Natural approaches to cancer by scientists
André Gernez’s research on cancer biology
The visionary physician who demonstrated that cellular regeneration could prevent and heal cancer
André Gernez was a French physician who revolutionized our understanding of cancer in the 20th century. He dared to do what few of his colleagues had attempted: question the very foundations of what was believed to be known about cell biology and carcinogenesis. His research, conducted over several decades, did not seek to “fight” cancer by violent means. On the contrary, his innovative approach consisted of understanding why cancer formed and how to make it disappear naturally by following the natural laws that govern cellular life.
1. A free and brilliant mind in the face of the dogmas of cellular biology
Born in 1923 in northern France, André Gernez demonstrated remarkable intelligence from childhood. At 15, he obtained his baccalaureate. At 22, in 1945, he became the youngest medical graduate in France. This precocity was not simply a sign of exceptional intellectual ability, but revealed a profound nature: that of a free, curious mind, capable of seeing beyond established conventions.
In 1944, he was accepted as an assistant at the prestigious Curie Foundation, France’s leading institute for cancer research. At that time, medicine was dominated by the Pasteurian idea: cancer was thought to be the result of an aggression, presumably viral, which would eventually overwhelm the body’s immune defenses.

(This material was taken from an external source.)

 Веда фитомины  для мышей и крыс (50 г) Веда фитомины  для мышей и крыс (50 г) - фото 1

Research teams were therefore striving to isolate this famous cancer virus, hoping to develop an anticancer vaccine.
But André Gernez observed something that deeply troubled him. Under the microscope, he noticed that people with cancer did not show any deficiency in their immune system. Better still: cancer cells migrated preferentially through the lymphatic pathway — precisely where immune reaction mechanisms should occur. Yet he observed no defense mechanism, no reaction. It was as if the cancer cells had concluded a “non-aggression pact” with the immune system.
This observation led him to a radical conclusion: Pasteur’s approach did not correspond to the reality of the observed facts. Pasteur’s followers had produced no evidence demonstrating that cancer was a reactive process of the organism to an external aggression. André Gernez realized that everything he was doing at the Curie Foundation made no sense and that it was futile to search for the cancer virus.

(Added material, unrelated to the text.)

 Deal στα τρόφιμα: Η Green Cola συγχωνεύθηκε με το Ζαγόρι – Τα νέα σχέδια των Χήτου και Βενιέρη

He then understood that another strategy had to be adopted, one that seemed appropriate and logical to him: the homeostatic approach corresponding to the maintenance of biological constants defined by Claude Bernard, the founder of experimental medicine. According to Claude Bernard, health depends on the stability of the “internal environment” — that set of internal conditions (blood, lymph, fluids) that must remain constant to ensure the proper functioning of the body. The biological terrain determines susceptibility or resistance to disease.
In 1946, André Gernez left the Curie Foundation. He went to do an internship at Radcliff Hospital in Oxford, where he studied a precancerous condition of the throat, Plummer-Vinson syndrome — a form of hypochromic anemia that predisposes to cancer. He continued this study at Karolinska Sjukhuset in Sweden, then in 1948 in New York.
It was during these years of clinical observation that he made a major discovery: the degenerated cells of Plummer-Vinson syndrome could disappear once the conditions that allowed their appearance were eliminated. This observation contradicted the medical dogma of the time, which held that it was essential to destroy every last cancer cell, otherwise the process would start again.
Upon returning to France, he published a highly acclaimed review of this disease in the medical press in 1949. He then acquired the deep conviction that the problem of cancer had to be rethought on a new biological basis and that certain admitted dogmas considered unassailable had to be replaced by other lines of reasoning more consistent with the phenomena observed.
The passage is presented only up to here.